When we climbed Toubkal, the mules carried our bags until the balling snow made it too difficult to continue. In the villages around Larache and Asilah and in the Gorge de Dades, transport of people and goods is by donkey for many families. In the hills of the High Atlas, the valleys’ paths are too steep for anything but the sure-footed donkey and mule. The caleches in Essaouira and Marrakesh are not just for tourists and for show, but have a great and noble history. The amazing Tbourida relies on the most extraordinarily brave Arab-Barbe horses. And I have been privileged to play polo here on some of the best polo ponies I have ever ridden.
When we finally arrived at the Residence in Rabat, full of wonder and excitement, we were met by smiling guards. The policemen waved in greeting. People at the houses next door put their thumbs up and grinned their welcomes.
Earlier this year, a group of British army veterans who all suffered from PTSD due to trauma suffered or witnessed on the battlefields of Iraq or Afghanistan visited Morocco. They came in the most beat-up cars you can imagine – Citroen Berlingos, whose only qualification was that they did not cost more than £200 each. They came to drive across Morocco’s deserts and use the experience to start the process of mental healing.
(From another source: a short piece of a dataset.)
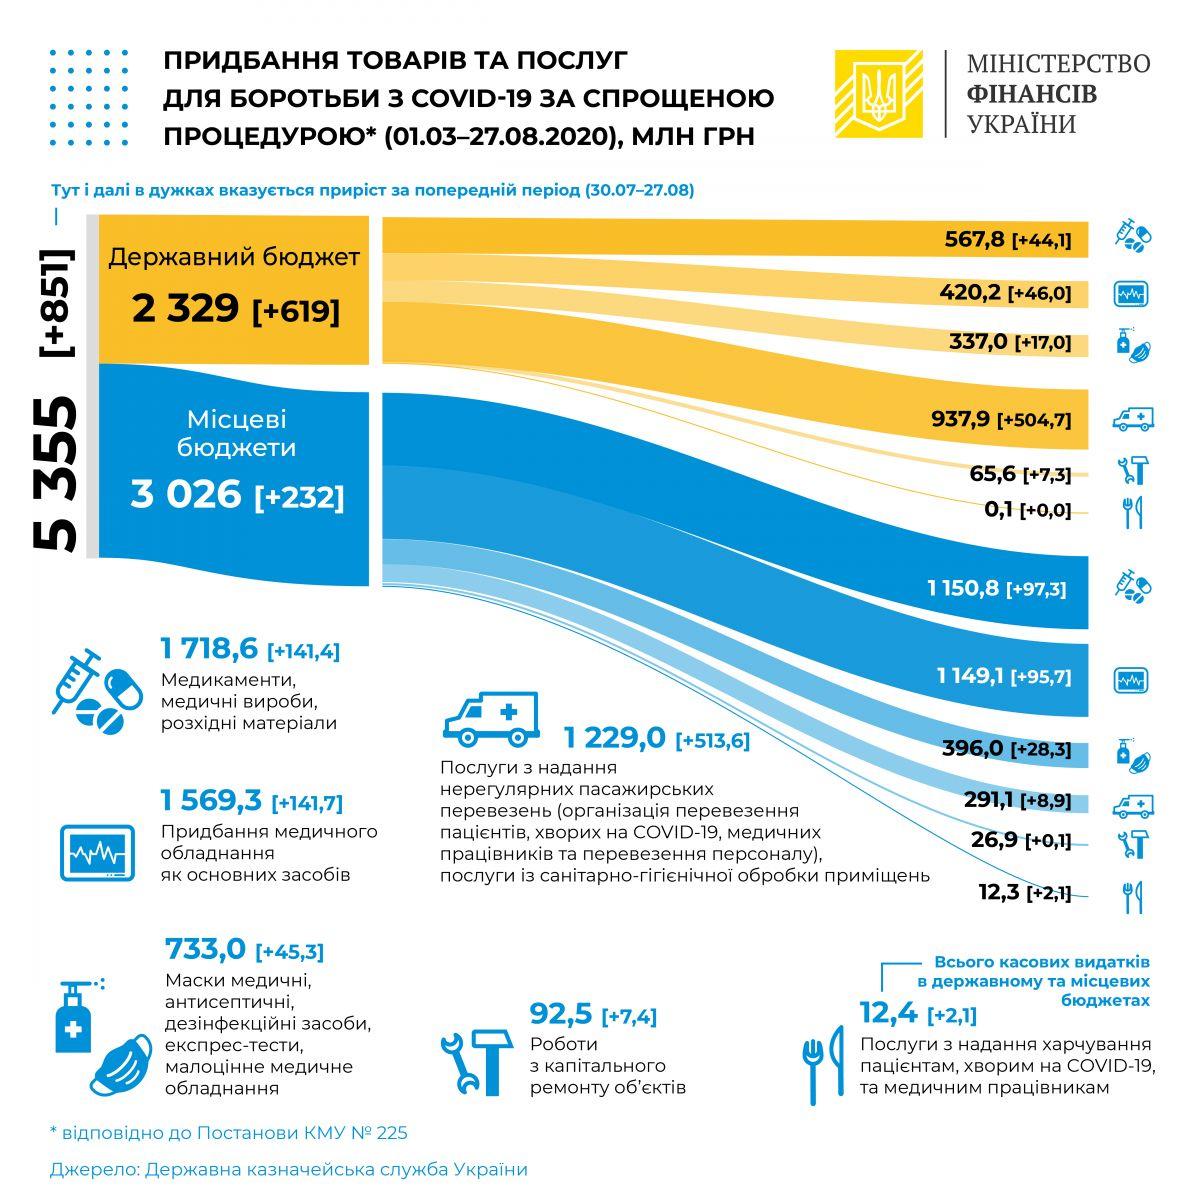 Борьба с COVID-19: Украина потратила на
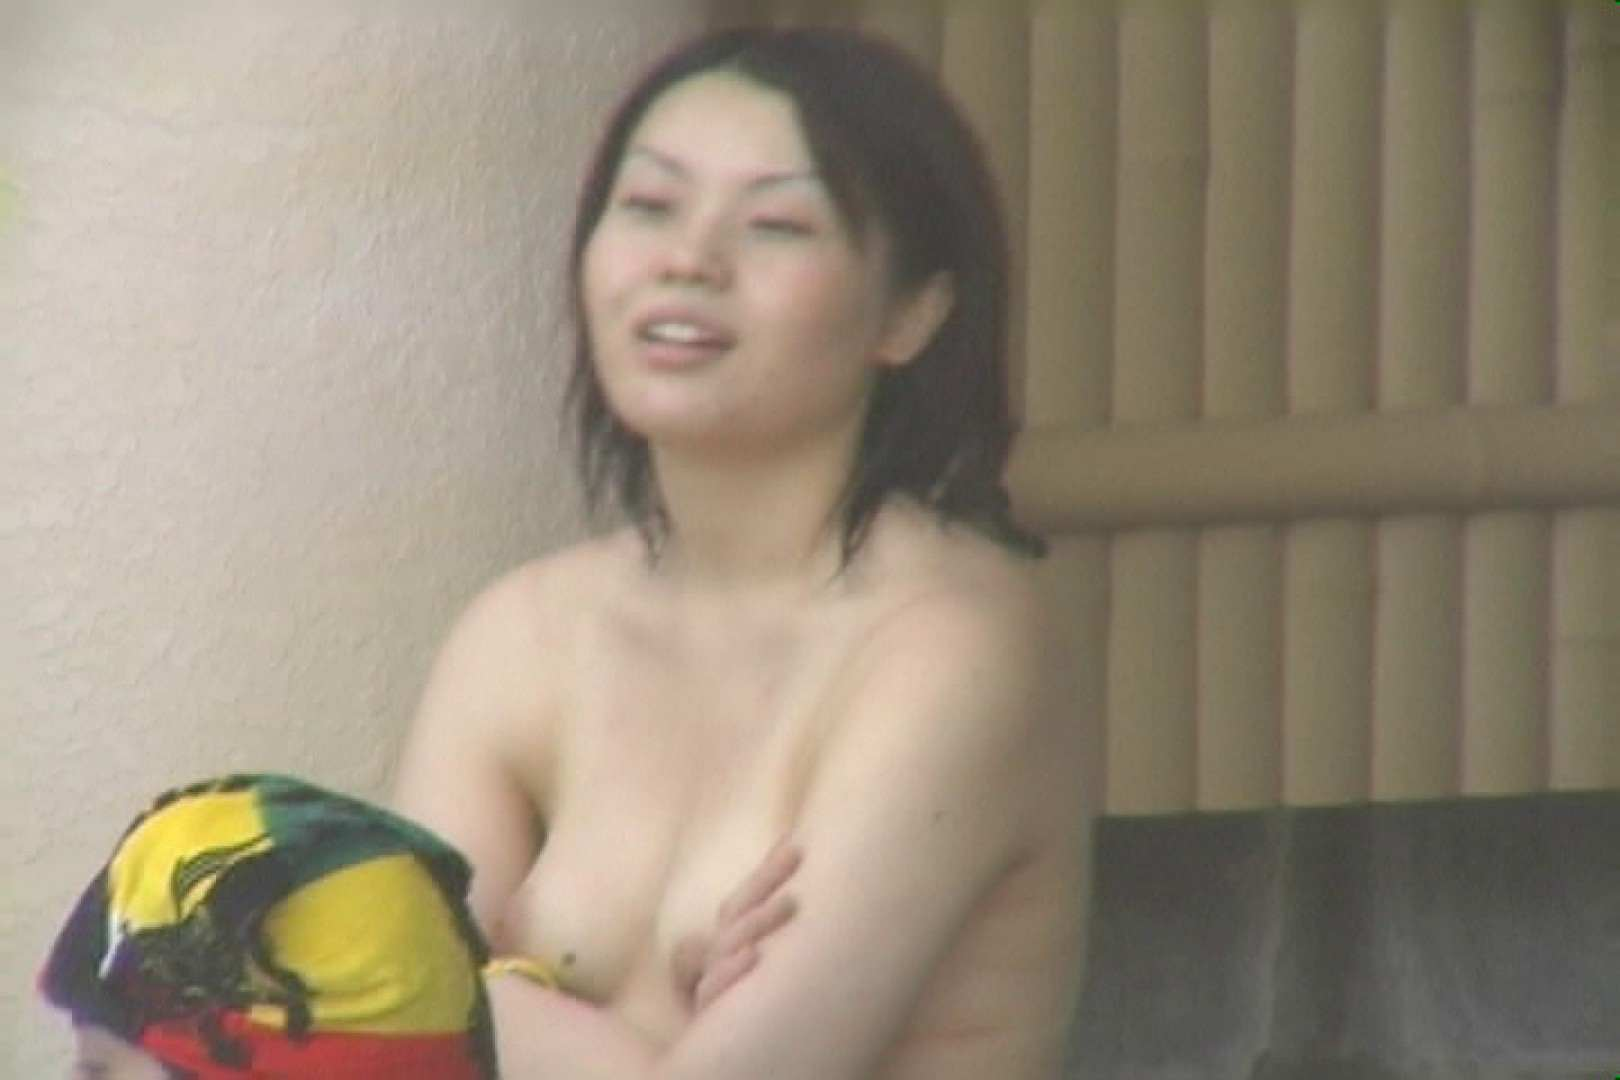 Aquaな露天風呂Vol.61【VIP限定】 露天風呂編   盗撮シリーズ  113PIX 85

They came to the Residence after their month-long rally. They described the beauty of the desert; the silence of the nights; the challenges of driving their cars across difficult terrains; their sense of triumph at having come through it stronger, healed, their road to recovery now clear before them. But the thing that had really struck them was the generous hospitality of the Moroccans they met on their way – that same sense of greeting, of welcome, of openness. Of how, whenever they had encountered a problem, there had always been someone there – often from the poorest communities – to offer them help, a bed for the night, food or water.
I have loved my first year here – and, more importantly, I think my family has too. The work has been great – sometimes difficult, more often rewarding. I have been so fortunate in my travels round the country – Morocco has an almost bewildering variety of history and geography. Meeting and working with new people from across the political and social spectrum has been a huge pleasure.
Of course, there are also challenges: Morocco is not perfect – what country is? If I could change two things, they would be the driving and the litter. Morocco led the world in banning plastic bags and should be congratulated for that leadership, but the plastic scourge legacy (from which many countries are suffering) is more noticeable in Morocco, since it makes such a stark contrast to the outstanding natural and historical beauty of the country.
I am looking forward to my second year; to continuing to build a real partnership of equals between our two countries; to sharing my experiences; and to visiting more places and learning more about this remarkable country.